The data has been anonymized at token-level using the following conversions:

Replacement Freq Description
<NUM> 337 number-words; e.g. duomilasei
<ORD> 29 ordinals; e.g. quarto
<DIGIT> 740 digit-words; e.g. due
<CHAR> 86 letter; e.g. C
<PUNC> 18 punctuation; e.g. barra
<WORD> 11 a word to be masked; e.g. password, spelling
<CHARS> 5 a sequence of letters (abbreviation); e.g. SG
<BRAND> 36 brands (hardware); e.g. Fujitsu
<SW> 159 software; e.g. Windows
<PER> 278 person names; e.g. Monica
<ORG> 54 named organizations; e.g. CSI
<LOC> 126 locations; e.g. Italia
<LOC.SPELL> 25 locations for spelling; e.g. Ancona
<WD> 13 week days; e.g. domenica
<MM> 13 month names; e.g. gennaio
<MISC> 2 other; not covered above

Notes, Known Issues, Peculiarities and TODOs

  • 0704000020: conn and arg2 spans overlap in Explicit relation (DONE)
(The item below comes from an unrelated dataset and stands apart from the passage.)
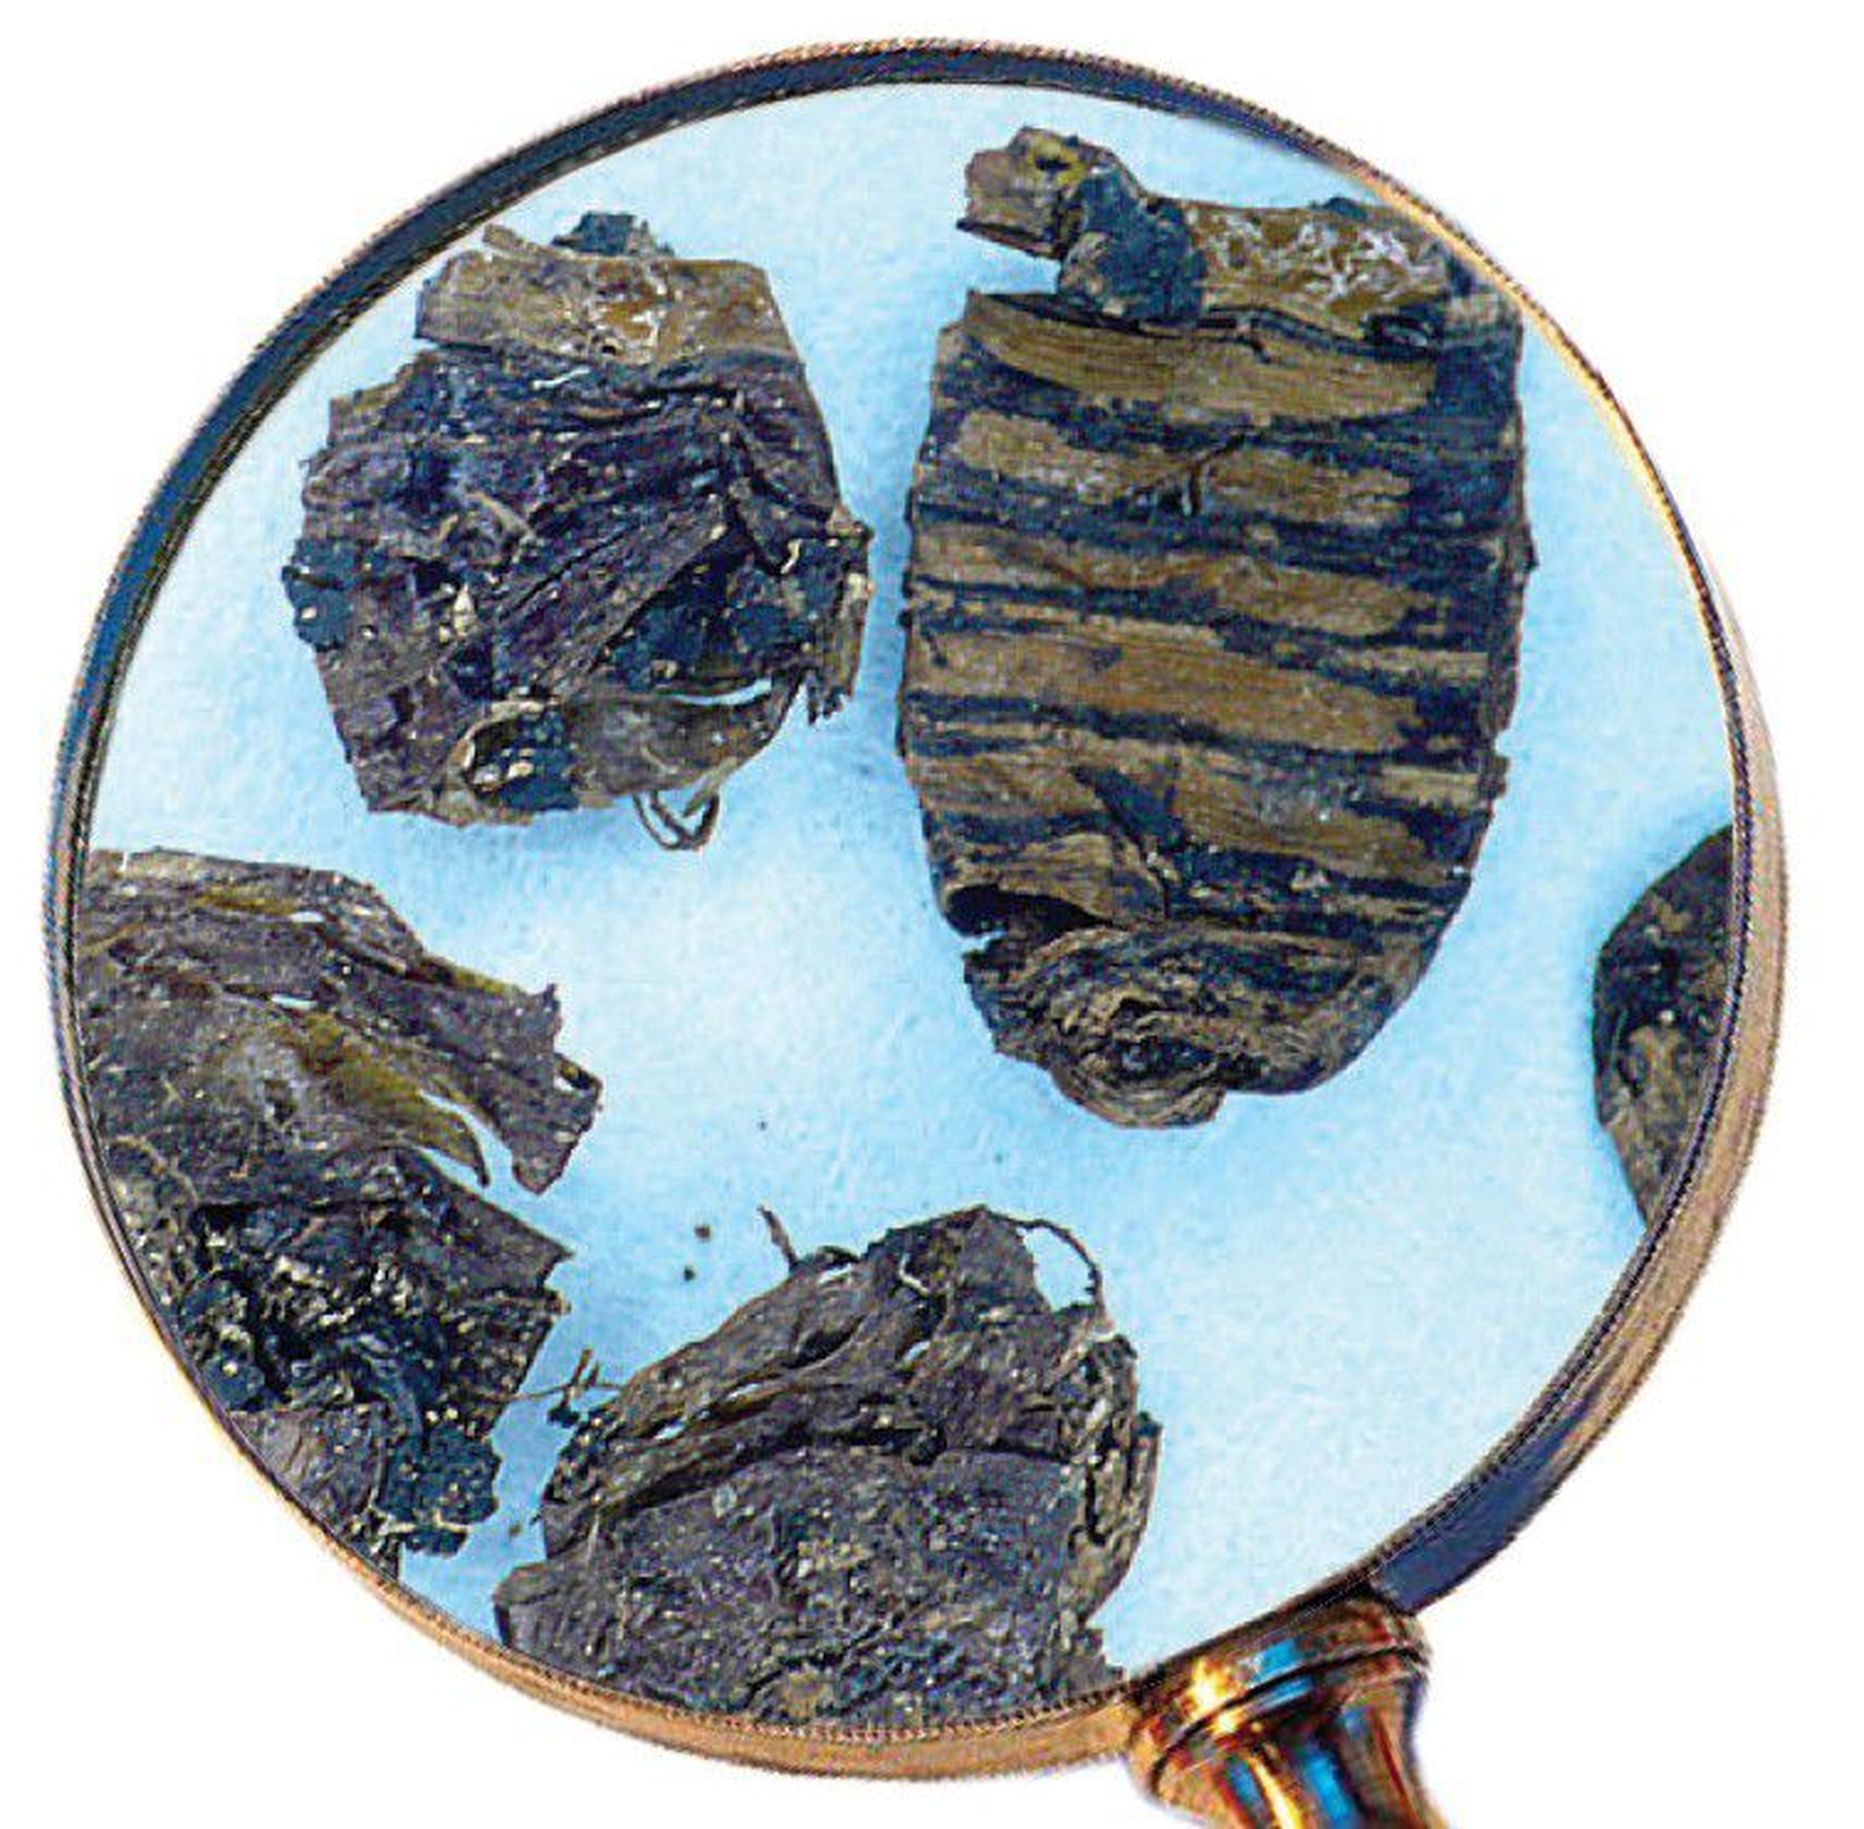 800 aasta vanused kärbsenukkude säilmed pildistatuna mikroskoobi all.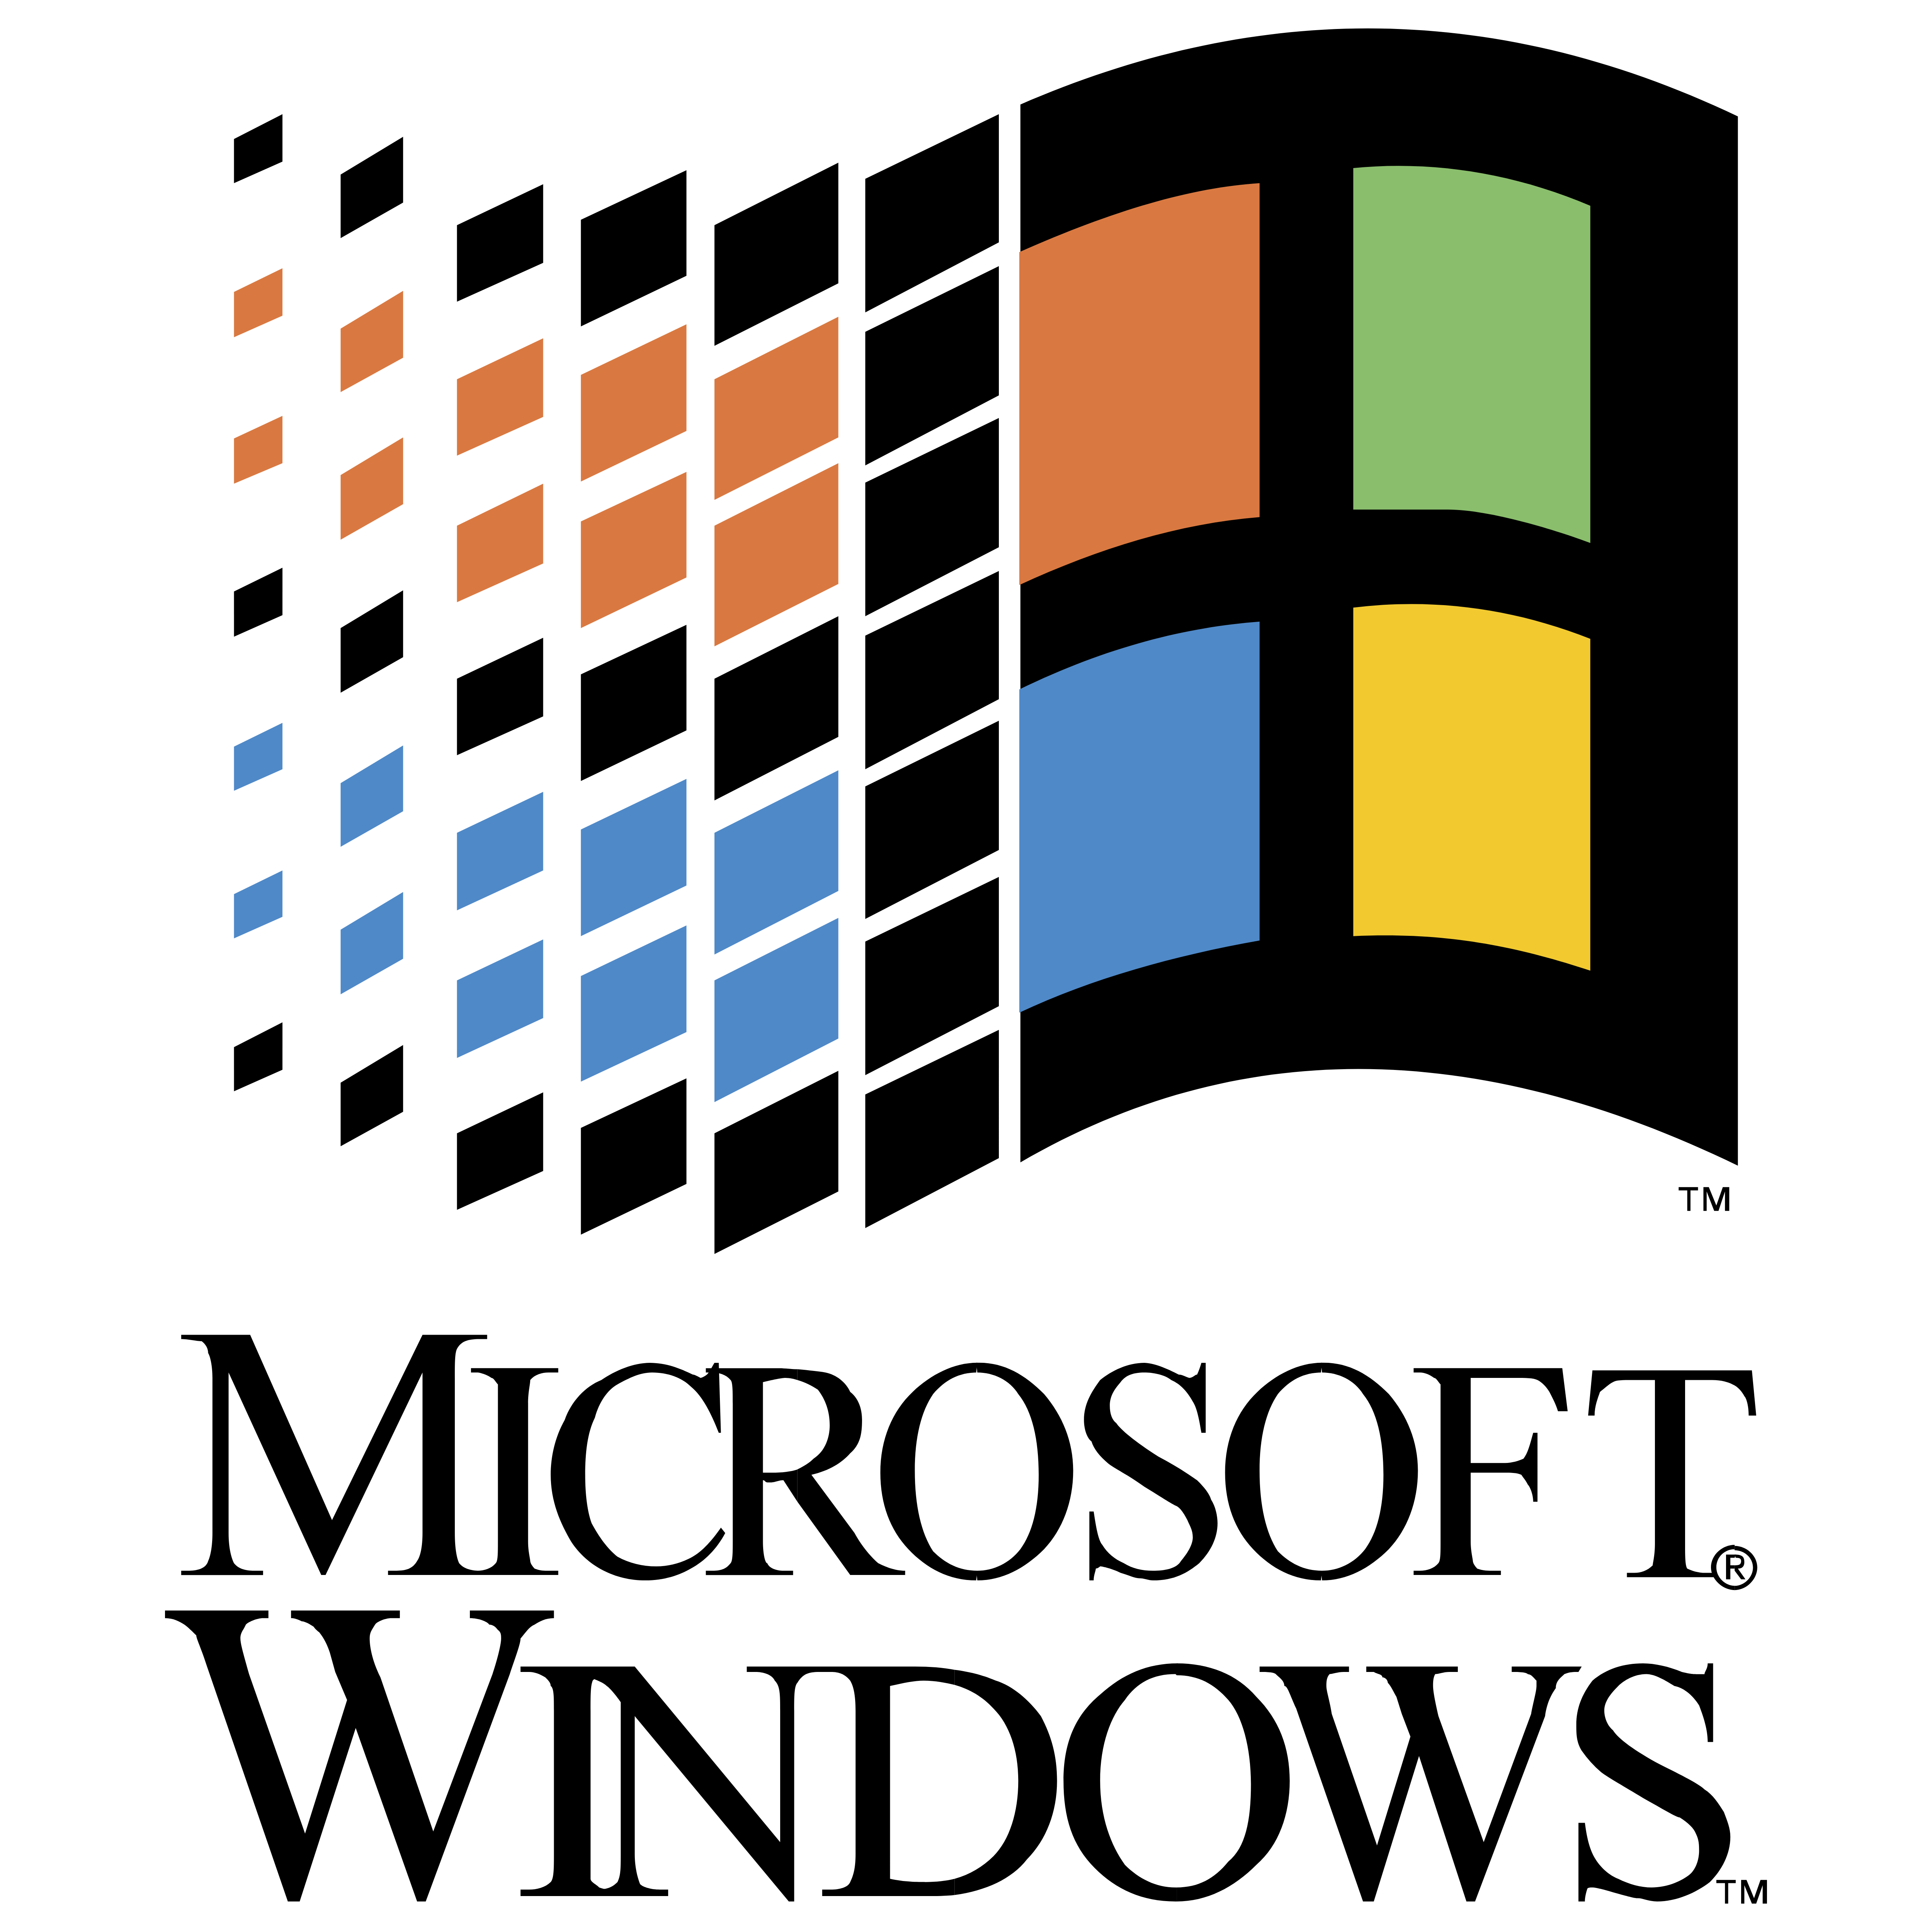 Hướng dẫn cách download microsoft windows logo miễn phí và nhanh chóng nhất

  • 0 sense relations (8):

    • Relation Types

      • Explicit: 4
      • Implicit: 3
      • AltLex: 1
    • IDs

      • 0703000006: 1
      • 0704000001: 1
      • 0704000025: 1
      • 0704000031: 1
      • 0704000034: 1
      • 0704000051: 2
      • 0705000003: 1

References

If you use this dataset for publication, please cite the following papers:

  • Sara Tonelli, Giuseppe Riccardi, Rashmi Prasad, and Aravind K. Joshi, "Annotation of discourse relations for conversational spoken dialogs.", In Proceedings of the International Conference on Language Resources and Evaluation (LREC), 2010.

  • Giuseppe Riccardi, Evgeny A. Stepanov, and Shammur Absar Chowdhury. "Discourse connective detection in spoken conversations.", IEEE International Conference on Acoustics Speech and Signal Processing (ICASSP), 2016.